Leonard added that part of the evolution of the Poconos region is the diversification of the economy.

“While our focus is not always on tourism, we’re trying to do manufacturing and other things that we believe will ultimately be compatible with tourism,” he said.

Monroe County collaborates with Wayne and Carbon counties to publish a magazine through the PMEDC that shares positive economic development stories happening in the region.

“Our view is by maintaining open dialogue and working together, we enhance our ability to succeed,” Leonard said.

In Carbon County, Kathy Henderson, the director of Economic Development for the Carbon Chamber and Economic Development Corporation, said Carbon County’s economic drivers also include tourism and manufacturing, with more than 50 manufacturers located in the county.

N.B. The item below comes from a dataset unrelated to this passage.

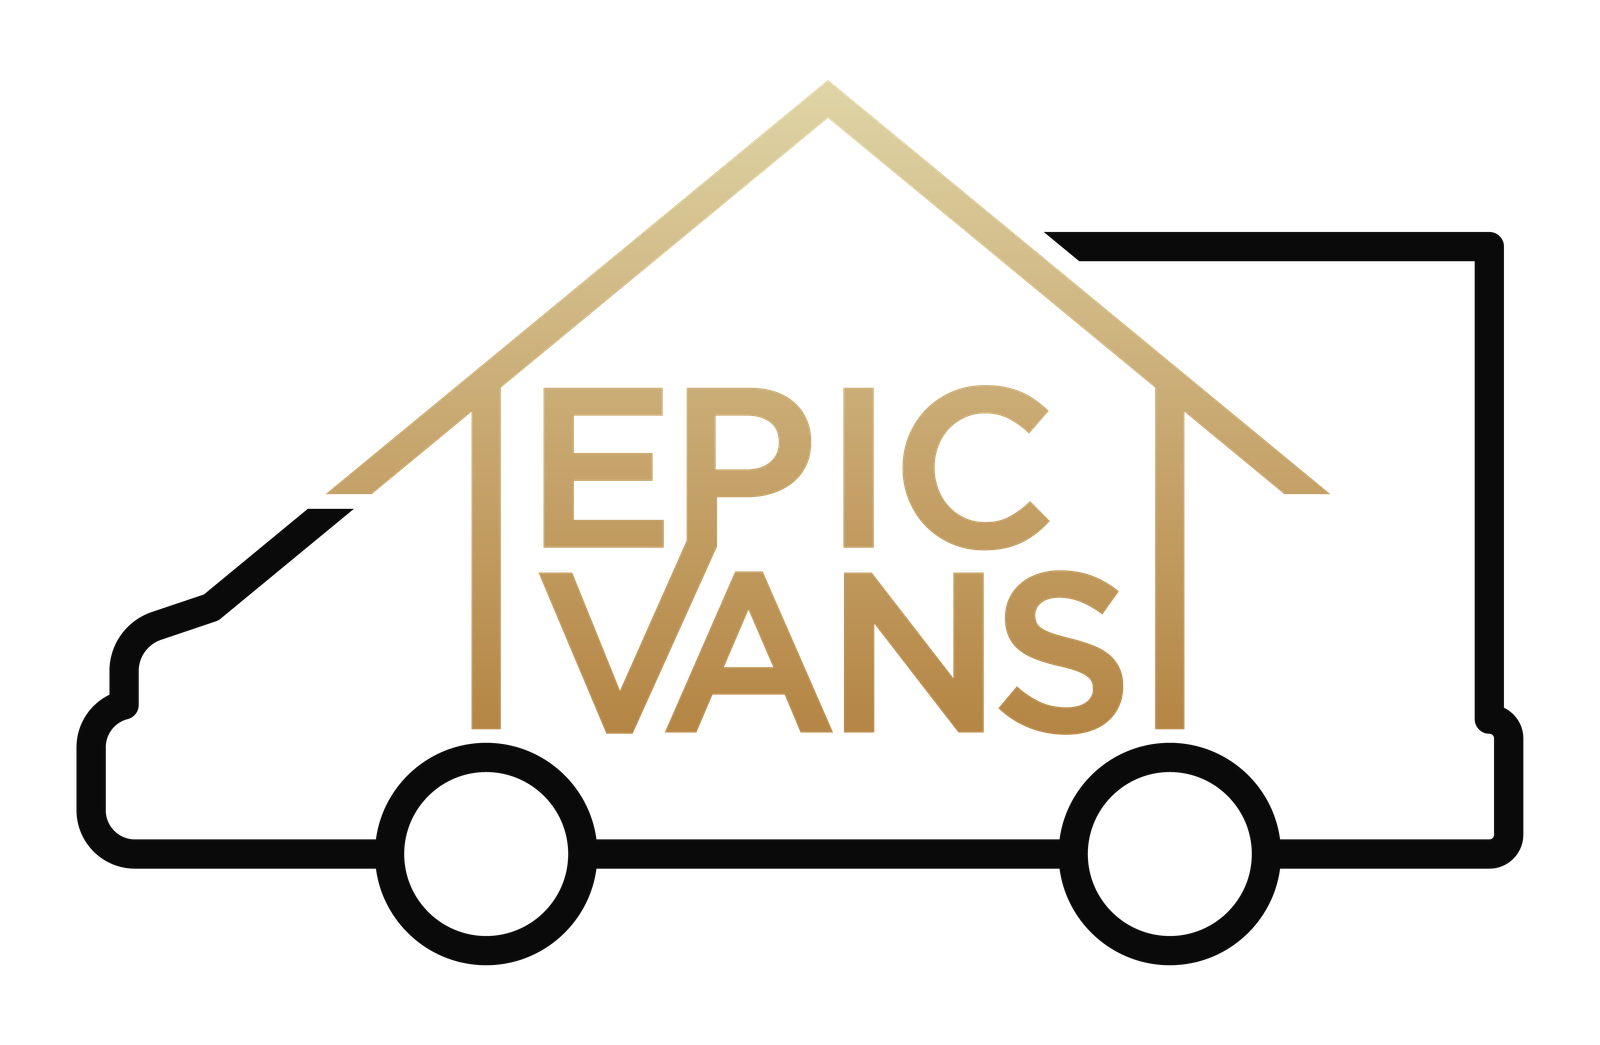 Epic Vans

The county seat of Jim Thorpe is a major tourism destination, with the Lehigh Gorge scenic rail and other outdoor activities including biking, white water rafting and kayaking.

“I think what has happened with a lot of businesses as well is people really love to live, work and play in Carbon County,” said Marlyn Kissner, executive vice president of the northern region of the Greater Lehigh Valley Chamber of Commerce.

“So, the folks that really love the outdoors and have that ability to open up shop or attract employees because of our backdrop is a big strength of our economic development.”

Carbon County Commissioner Wayne Nothstein said the county partners with regional organizations including the Pocono Counties Workforce Development Board, the Pocono Mountains Visitors Bureau and the County Commissioners Association of Pennsylvania (CCAP) to improve the region’s economy.

He added that the county has good relationships with the other counties in the region including Wayne County, which shares similar economic drivers.

Wayne County Economic Development Corporation Executive Director Mary Beth Wood said the county has created a group called Wayne Tomorrow, which focuses not only on economic development, but also county government, the workforce, infrastructure and technology. 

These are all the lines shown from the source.